# [Dataset excerpt]
—————

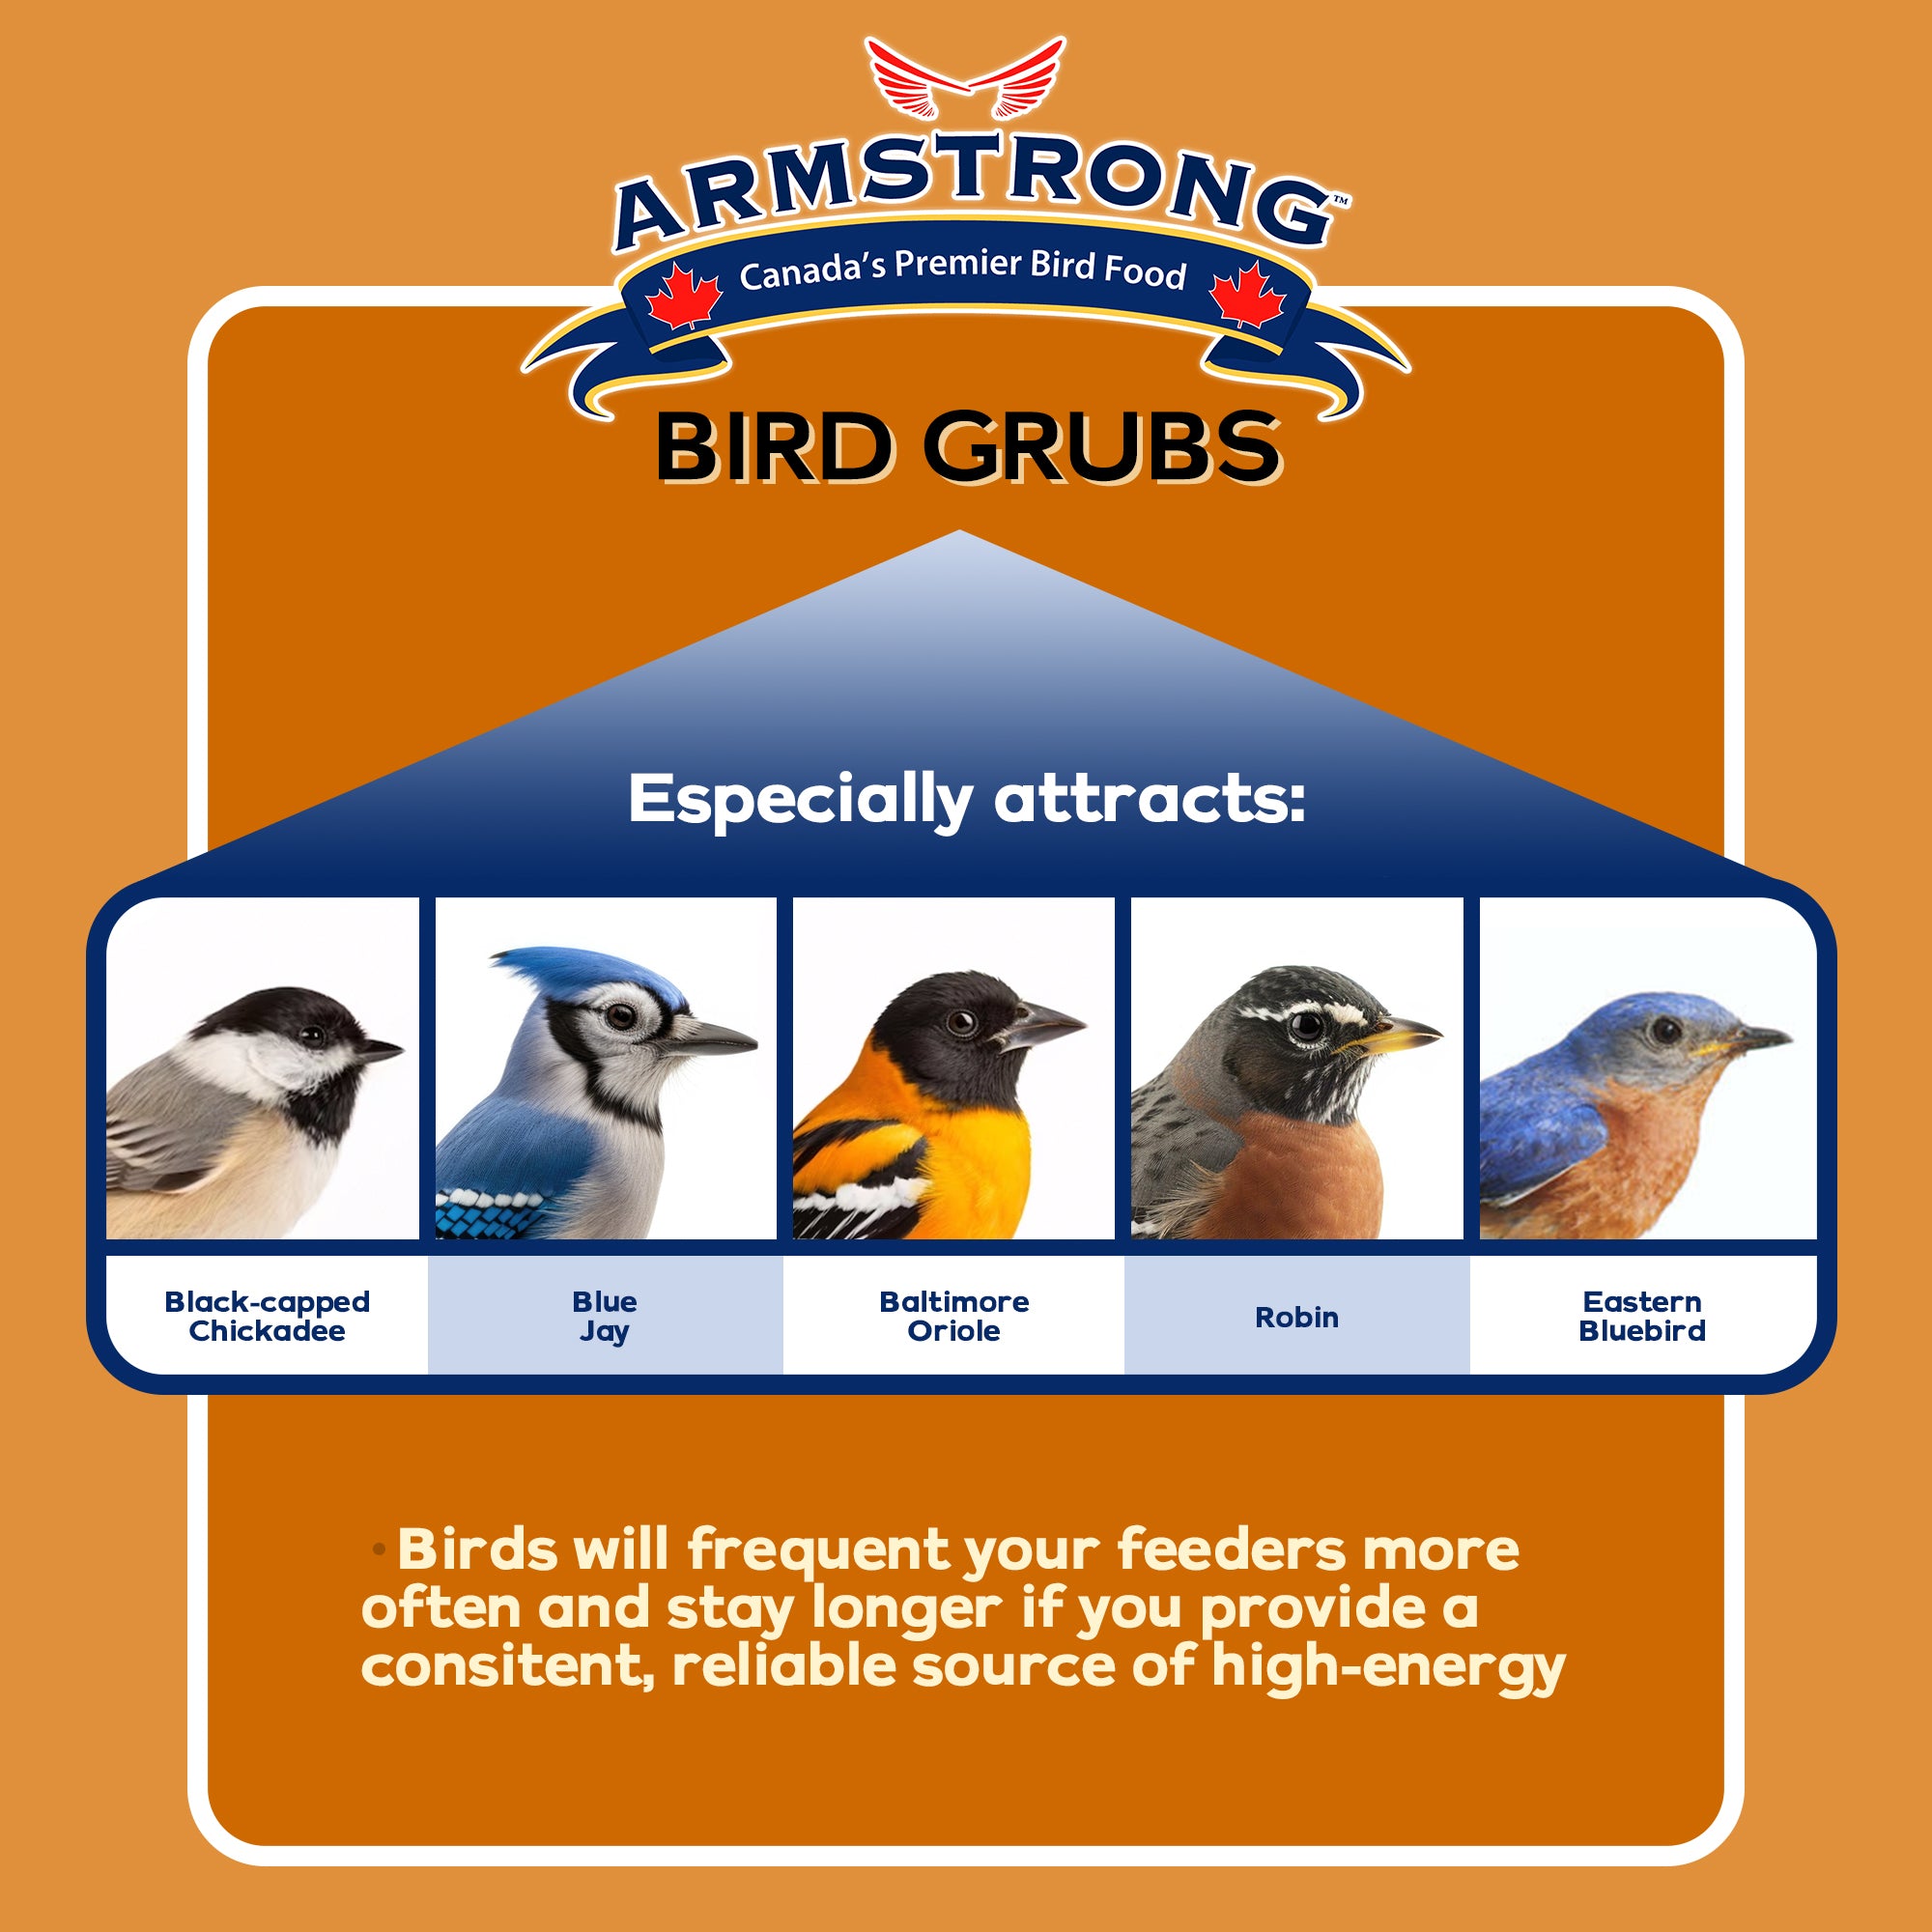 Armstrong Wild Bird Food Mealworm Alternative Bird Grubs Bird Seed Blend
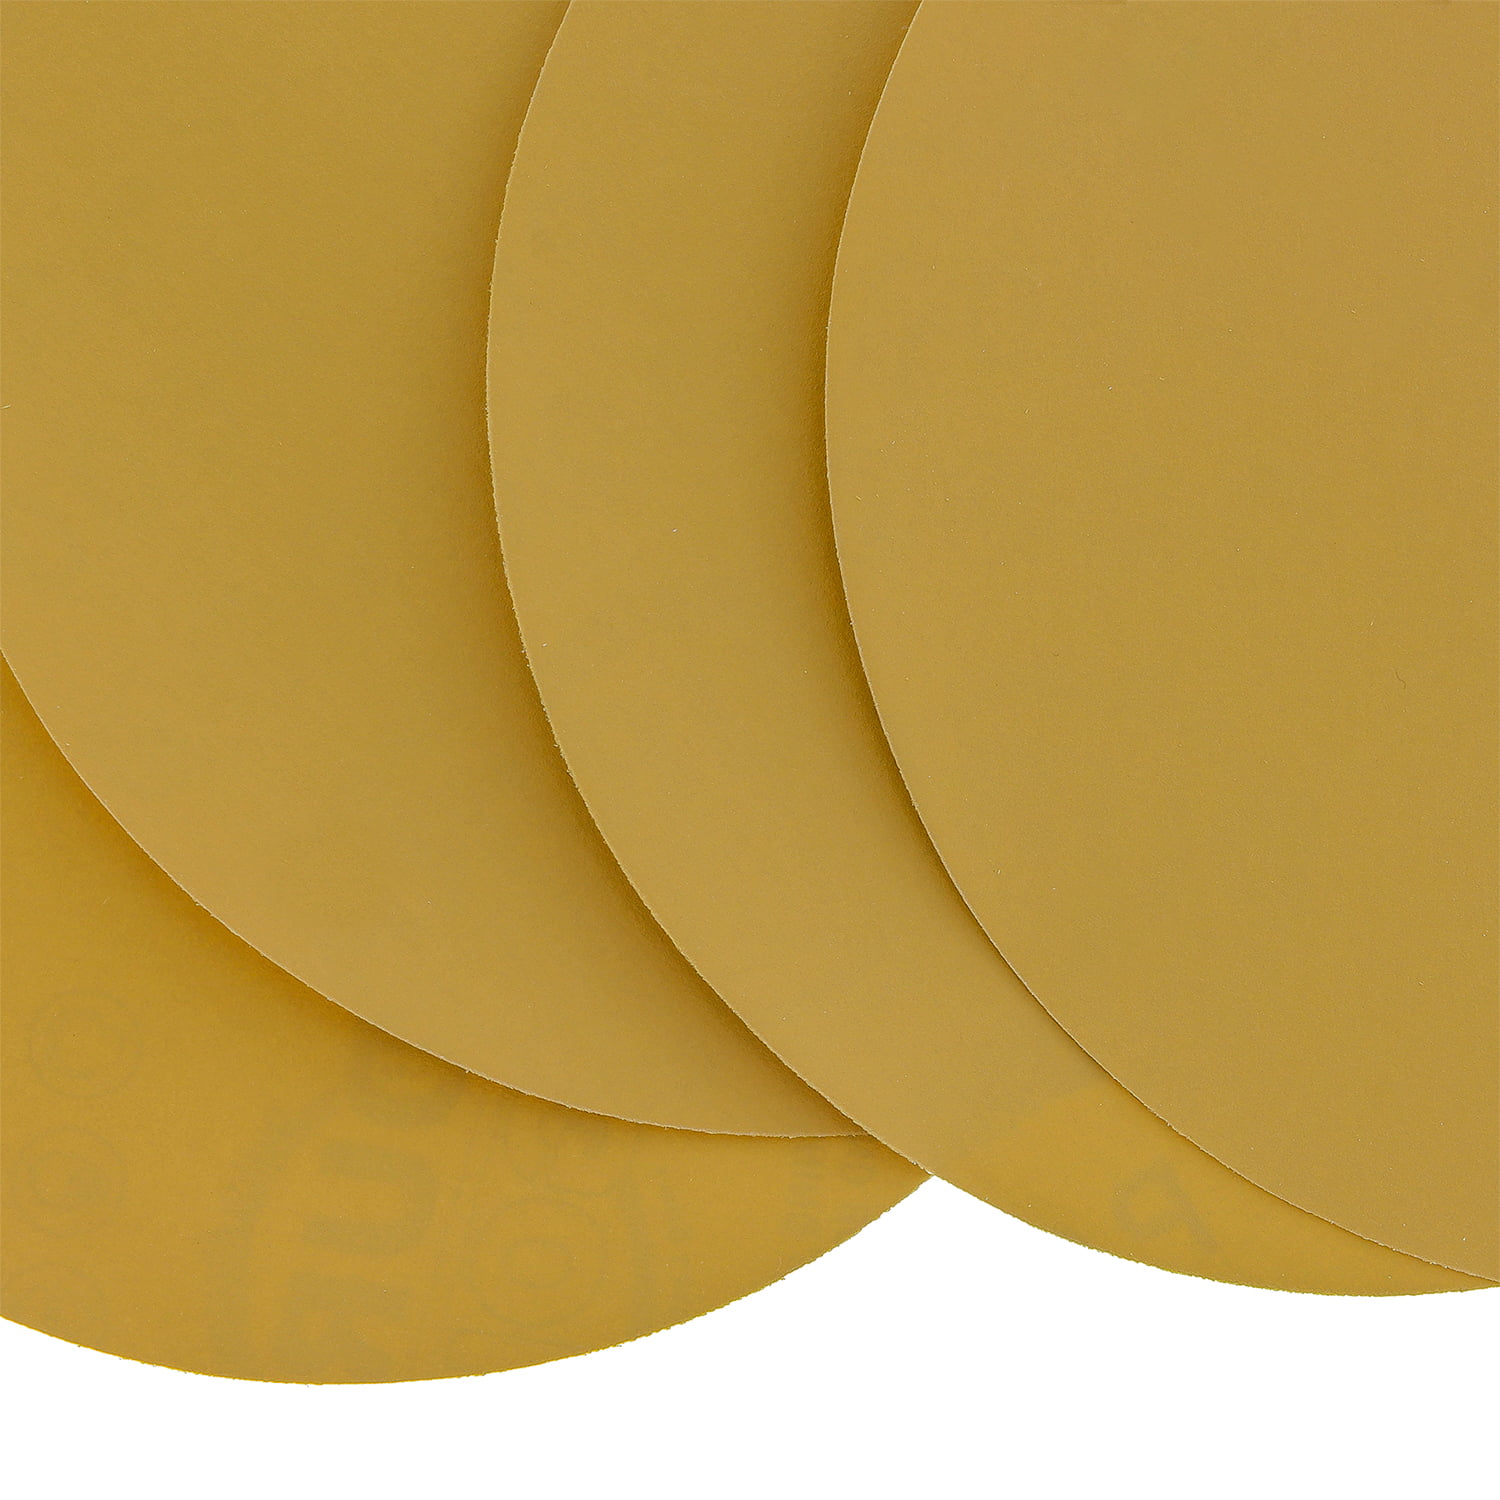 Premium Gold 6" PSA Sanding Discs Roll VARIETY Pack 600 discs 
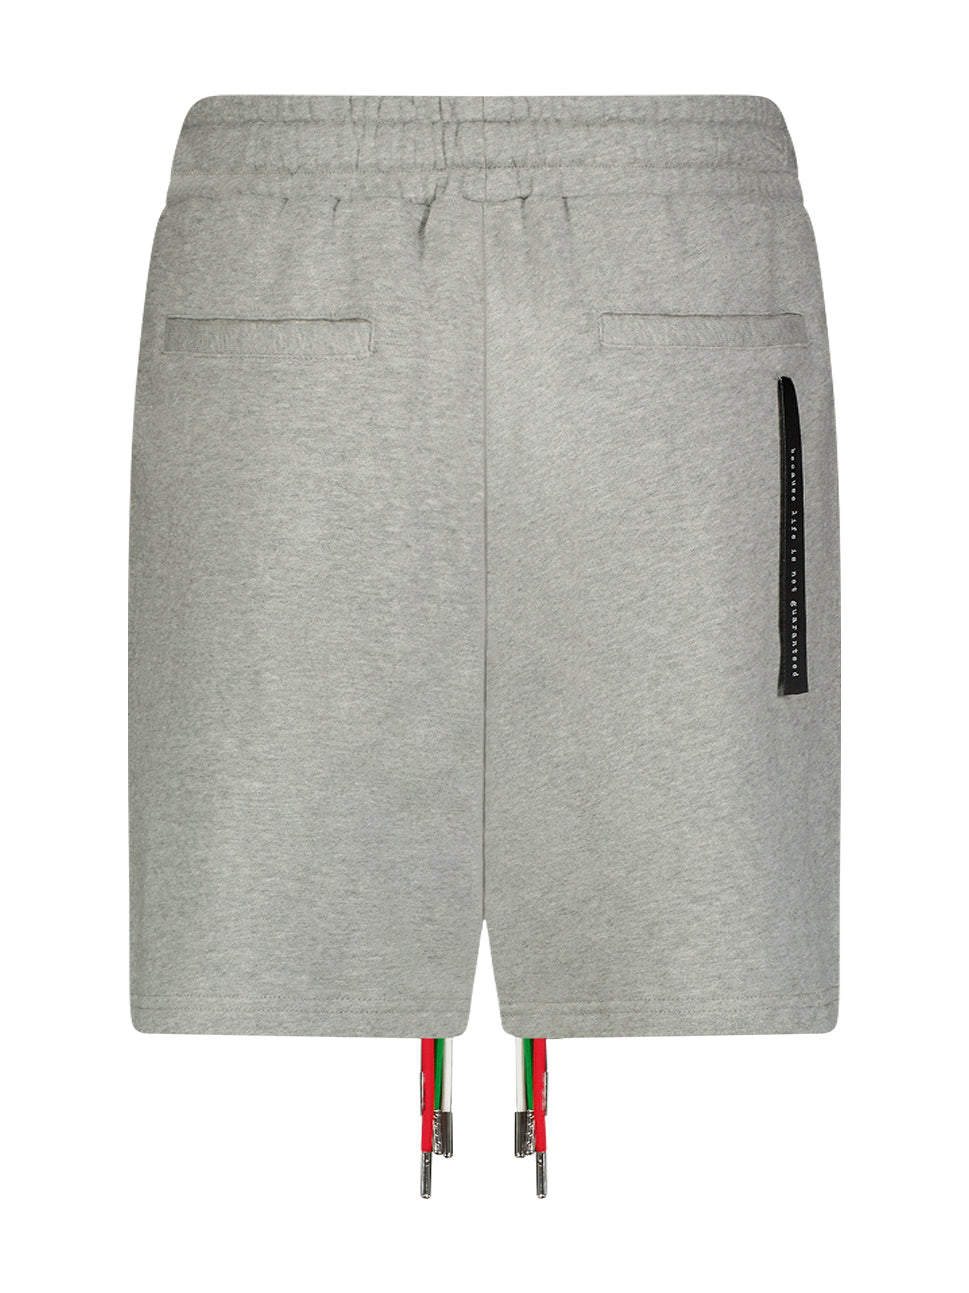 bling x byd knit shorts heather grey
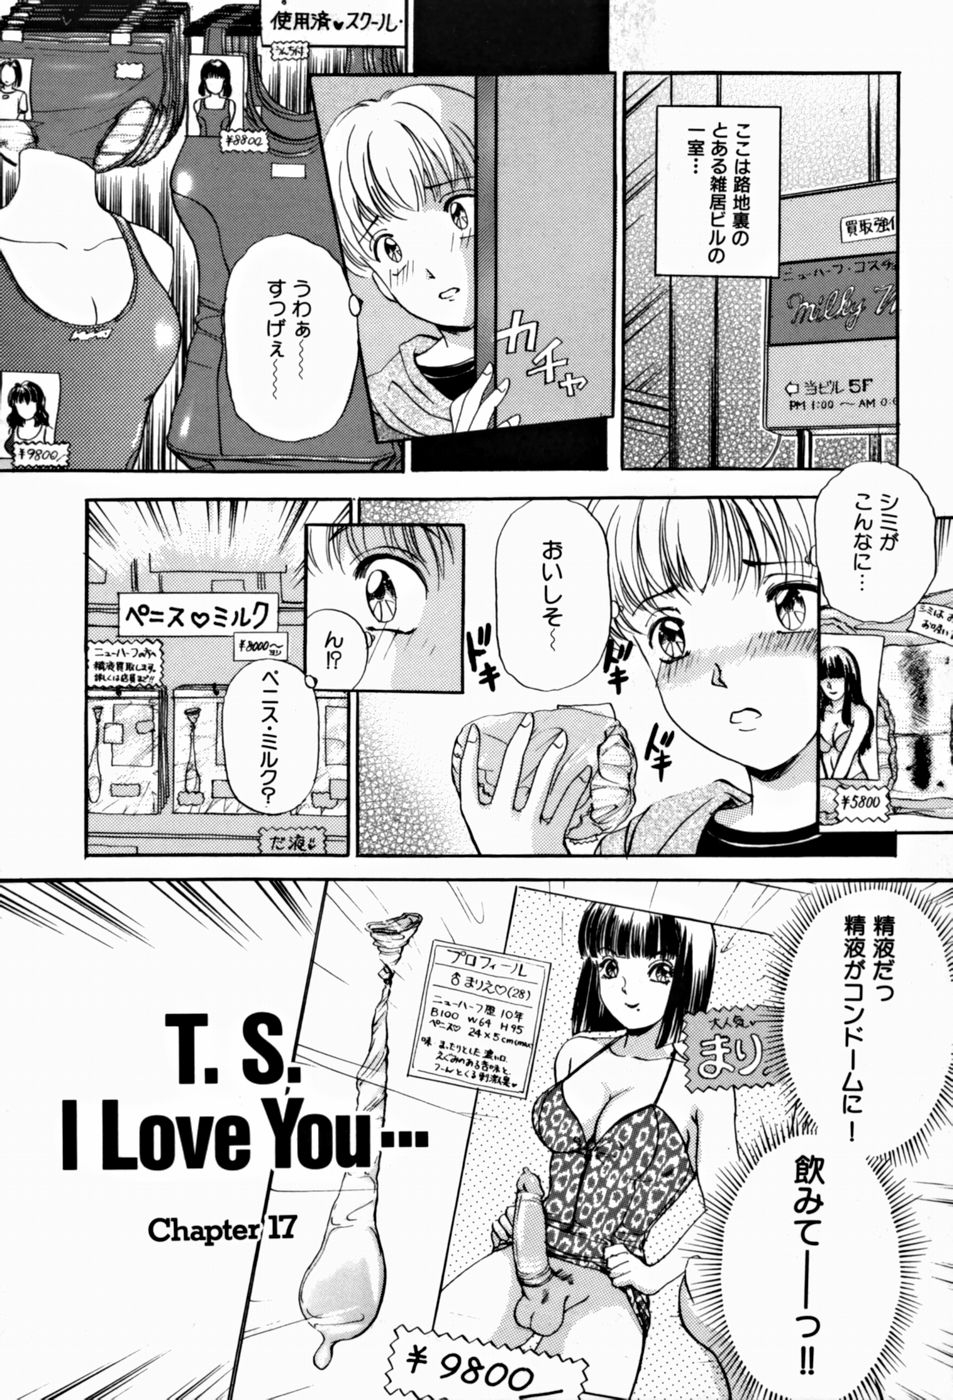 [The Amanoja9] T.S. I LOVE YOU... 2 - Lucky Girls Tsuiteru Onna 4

—————

For this exercise, transcribe the data exactly but without its pictures.

 Armstrong Wild Bird Food Mealworm Alternative Bird Grubs Bird Seed Blend
 Premium Gold 6" PSA Sanding Discs Roll VARIETY Pack 600 discs 
 bling x byd knit shorts heather grey
 [The Amanoja9] T.S. I LOVE YOU... 2 - Lucky Girls Tsuiteru Onna 4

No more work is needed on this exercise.